Predictors of Red Cell Alloimmunization in Kurdish Multi Transfused Patients with Hemoglobinopathies in Iraq.

作者信息

Al-Mousawi Muqdad M N, Al-Allawi Nasir A S, Alnaqshabandi Rubad

机构信息

a Department of Haematology , Azadi Teaching Hospital , Duhok , Iraq.

b Scientific Research Centre, Faculty of Medical Sciences, University of Duhok , Duhok , Iraq.

出版信息

Hemoglobin. 2015;39(6):423-6. doi: 10.3109/03630269.2015.1077460. Epub 2015 Aug 31.

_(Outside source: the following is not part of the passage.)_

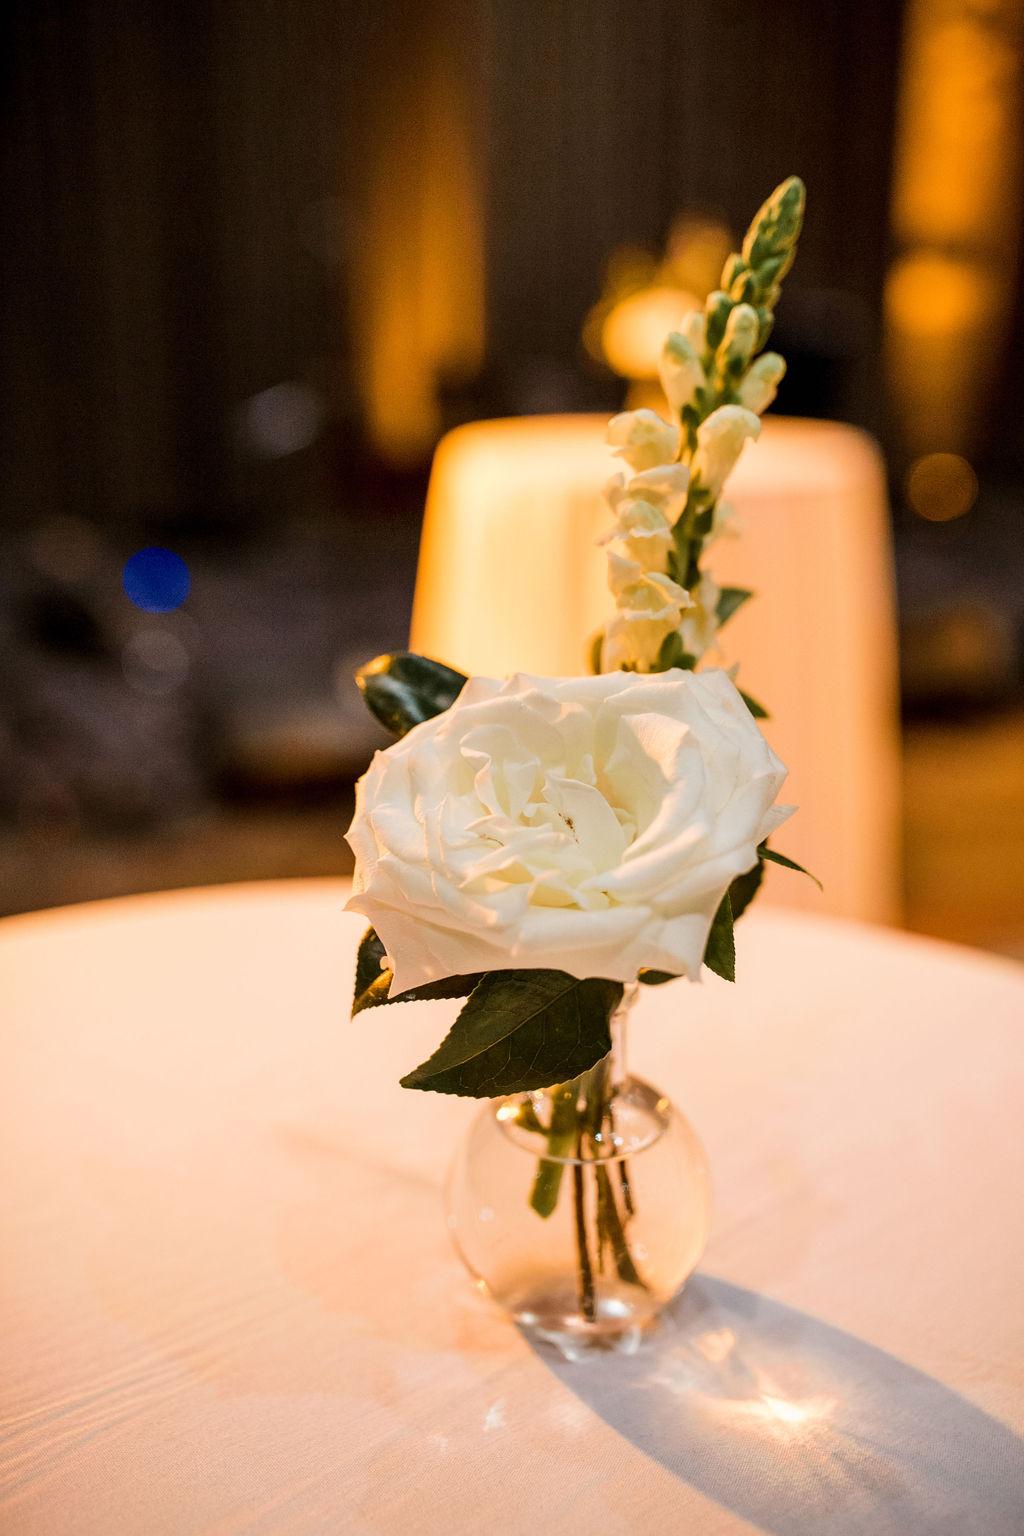 Simple white floral wedding centerpieces: Lavish Union Station Hotel Wedding featured on Nashville Bride Guide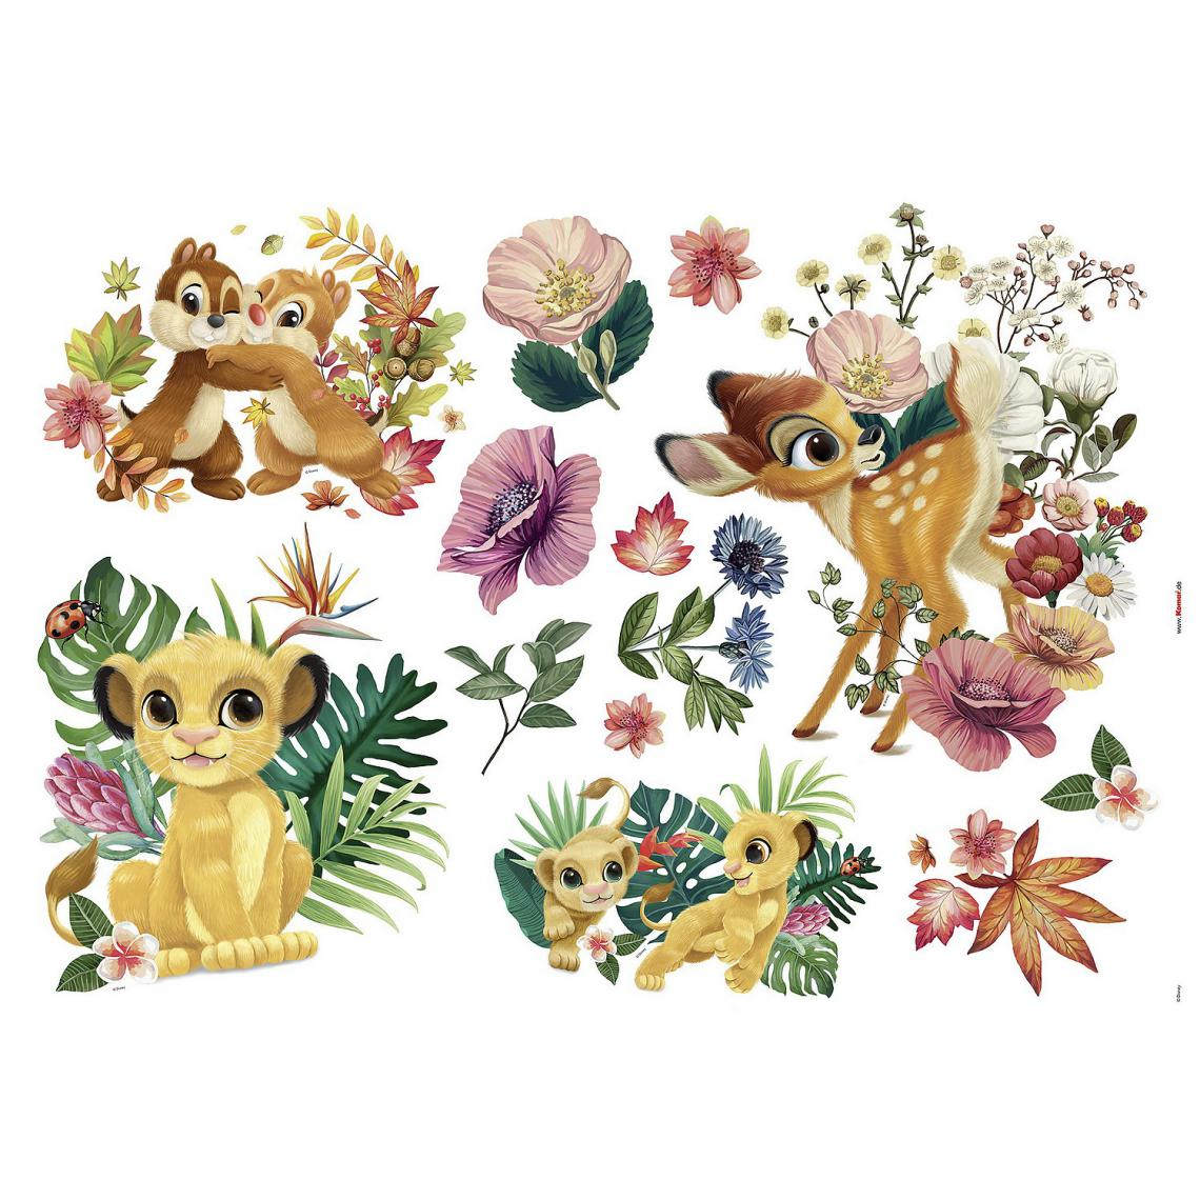 Komar Sticker mural géant Be in Nature Simba, Timon et Pumba Le Roi Lion Disney

DOI:10.3109/03630269.2015.1077460
PMID:26327166
Abstract

Hemoglobinopathies are significant health problems in Iraq, including its Northern Kurdistan region. One of the essential components of management of these disorders is regular lifelong blood transfusions. The latter is associated with several complications including red cell alloimmunization. No study has looked at the frequency of alloimmunization and its associations in the country. To address the latter issue, 401 multi transfused patients [311 with β-thalassemia (β-thal) syndrome and 90 with sickle cell disease], registered at a large thalassemia care center in Iraqi Kurdistan had their records reviewed, and their sera tested for atypical antibodies using screening and extended red cell panels. Red cell alloimmunization was detected in 18 patients (4.5%) with a total of 20 alloantibodies, while no autoantibodies were detected. The most frequent alloantibody was anti-E, followed by anti-D, anti-K, anti-C(w), anti-C, anti-c and anti-Le(a). Ethnicity was an important predictor of alloimmunization, while age at start of transfusion (>2 vs. ≤2 years) (p = 0.005), Rhesus D (RhD) negative status (p = 0.0017) and history of previous transfusion reactions (p = 0.007) showed a statistically significant higher rate of alloimmunization. However, patients' age, gender, number of units transfused, underlying diagnosis and splenectomy were not significantly associated with alloimmunization. Based on our observations, measures to reduce alloimmunization rates may include extended matching for Rhesus and Kell antigens and early initiation of blood transfusions.

摘要

血红蛋白病在伊拉克,包括其北部库尔德斯坦地区,是严重的健康问题。对这些疾病进行管理的一个重要组成部分是终身定期输血。后者会引发包括红细胞同种免疫在内的多种并发症。该国尚未有研究关注同种免疫的发生率及其相关因素。为解决后一个问题,对在伊拉克库尔德斯坦一家大型地中海贫血治疗中心登记的401例多次输血患者[311例β地中海贫血(β-地贫)综合征患者和90例镰状细胞病患者]的记录进行了回顾,并使用筛查和扩展红细胞面板检测了他们血清中的非典型抗体。在18例患者(4.5%)中检测到红细胞同种免疫,共发现20种同种抗体,未检测到自身抗体。最常见的同种抗体是抗-E,其次是抗-D、抗-K、抗-C(w)、抗-C、抗-c和抗-Le(a)。种族是同种免疫的一个重要预测因素,而输血开始时的年龄(>2岁与≤2岁)(p = 0.005)、恒河猴D(RhD)阴性状态(p = 0.0017)和既往输血反应史(p = 0.007)显示同种免疫发生率在统计学上显著更高。然而,患者的年龄、性别、输血量、潜在诊断和脾切除术与同种免疫无显著相关性。基于我们的观察,降低同种免疫发生率的措施可能包括对Rh和Kell抗原进行扩展配型以及尽早开始输血。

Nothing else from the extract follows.